Iris van Herpen presented her latest Couture collection this morning at the Galerie de Minéralogie et de Géologie in Paris. The collection was inspired by the designer’s reflections on the world’s formations from a microscopic point of view.
Following her original inspiration of an examination of the natural and manmade landscapes of our world, from a bird’s-eye view, Van Herpen collaborated with Dutch artist Peter Gentenaar, known for capturing “organic memory” and motion in his delicate large-scale cellulose sculptures. For the show, the artist created a site-specific floating installation, which blossomed around the garments as the models came onto the runway.
A vivid & optimistic collection, fusing the artificial with the organic
The collection blends a natural color palette of blurred and faded greens, yellows, blues and purples with skin colors and blacks. The 21 silhouettes feature boundary-pushing construction and innovative material techniques.

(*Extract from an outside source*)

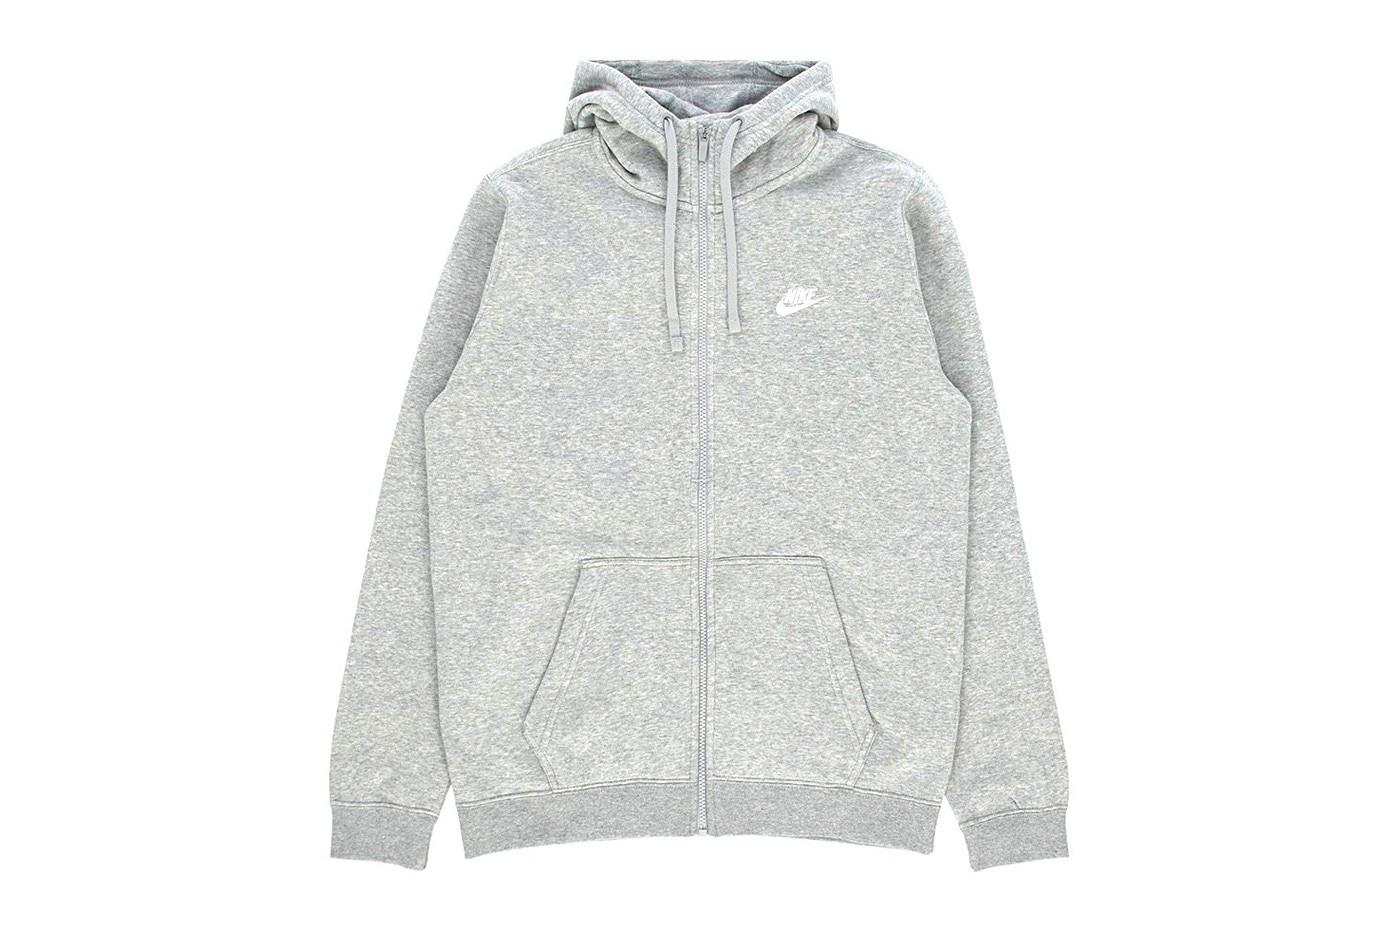 Nike x 1017 ALYX 9SM hoodie

260 hours to 3D print the “Foliage Dress” thanks to PolyJet printing technique
The show opened with the technically most interesting piece, a dress that took 260 hours to 3D print! The dress was printed using the PolyJet technique, which allows to create high-quality resin parts, with a smooth surface. It kind of works like a 2D inkjet printer: the printer projects small drops of a photopolymer liquid which is instantly cured thanks to UV light (learn more about 3D printing techniques in our 3D printing Guide).
Initiated with the Delft University of Technology, the “Foliage” process was used to print leaf-like patterns as thin as 0.8 mm. Tulle was then laid into the 3D printer to print directly onto the fabric, creating exceptional softness. To do so, researchers developed a parametric model to translate 2D patterns into 3D data. Three variations of this material were altered on droplet level, achieving the color and transparency. Fusing precisely controlled digital 3D modeling and the less predictable analog nature of deformation.
“Data Dust”: computationally distorted parametric patterns
For the “Data Dust” pieces (amongst which this mezmerizing Kimono Dress), Van Herpen computationally distorted parametric patterns, then foam-lifted, laser-cut and heat-bonded onto an invisible silk tulle, creating radiant and captivating glitches.
Silk changeant organza, the Ludi Naturae Dress
Closing the show, the Ludi Naturae Dress, worn by Korean influencer Soo Joo Park, is made of a silk changeant organza, mylar and velvet that were heat-bonded, laser-cut and wire-boned, creating a voluminous slow motion splash.